Anirudh and Saqib conclude by examining the exciting area of visual question answering, which enables blind users to get answers to questions asked about their surroundings. Anirudh and Saqib also briefly cover Microsoft’s Cognitive Services, the set of machine-learning APIs for vision, speech, facial, and emotion recognition, whose APIs are now open to use. This makes it straightforward for developers to integrate state-of-the-art image understanding into their own applications. By the end of the session, you’ll develop intuition into what works and what doesn’t, understand the practical limitations during development, and know how to use these techniques for your own applications.

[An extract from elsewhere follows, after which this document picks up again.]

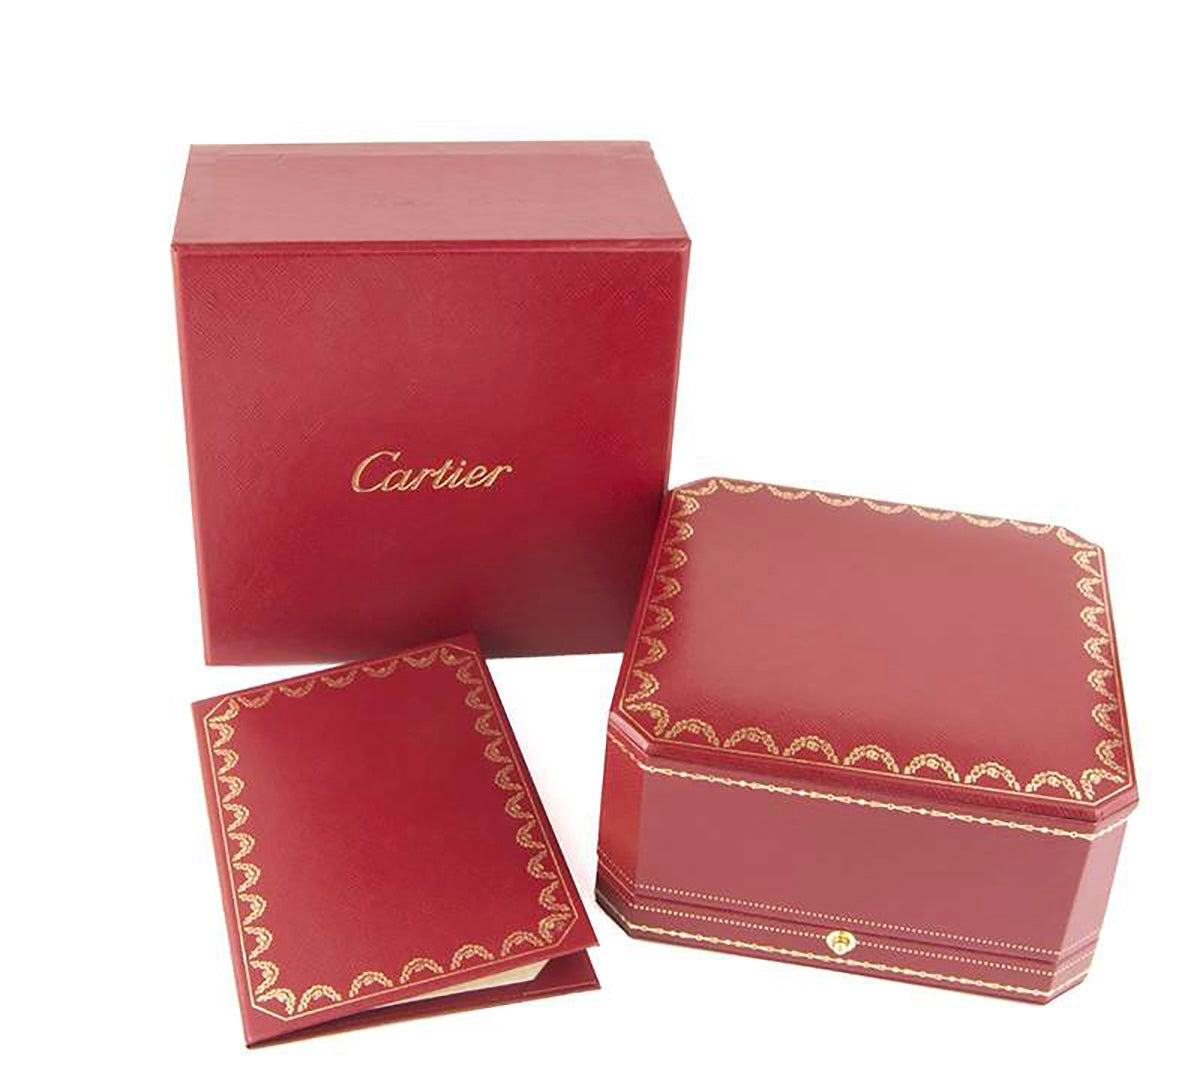 Cartier 18k White Gold Juste Un Clou Diamonds Bracelet Size 16

Anirudh Koul is a head of AI and research at Aira, noted by Time magazine as one of the best inventions of 2018. He’s a noted AI expert and O’Reilly author, including the upcoming Practical Deep Learning for Cloud and Mobile. Previously, he was a scientist at Microsoft AI, where he founded Seeing AI, the most-used technology among the blind community after the iPhone. With features shipped to a billion users, he brings over a decade of production-oriented applied research experience on petabyte-scale datasets. He’s been developing technologies using AI techniques for augmented reality, robotics, speech, productivity, and accessibility. Some of his recent work, which IEEE has called “life-changing,” has been honored by CES, FCC, Cannes Lions, American Council of the Blind, showcased at events by the UN, the White House, the House of Lords, the World Economic Forum, Netflix, National Geographic, and applauded by world leaders including Justin Trudeau and Theresa May.
Saqib Shaikh is a software engineer at Microsoft, where he has worked for 10 years. Saqib has developed a variety of Internet-scale services and data pipelines powering Bing, Cortana, Edge, MSN, and various mobile apps. Being blind, Saqib is passionate about accessibility and universal design; he serves as an internal consultant for teams including Windows, Office, Skype, and Visual Studio and has spoken at several international conferences. Saqib has won three Microsoft hackathons in the past year. His current interests focus on the intersection between AI and HCI and the application of technology for social good.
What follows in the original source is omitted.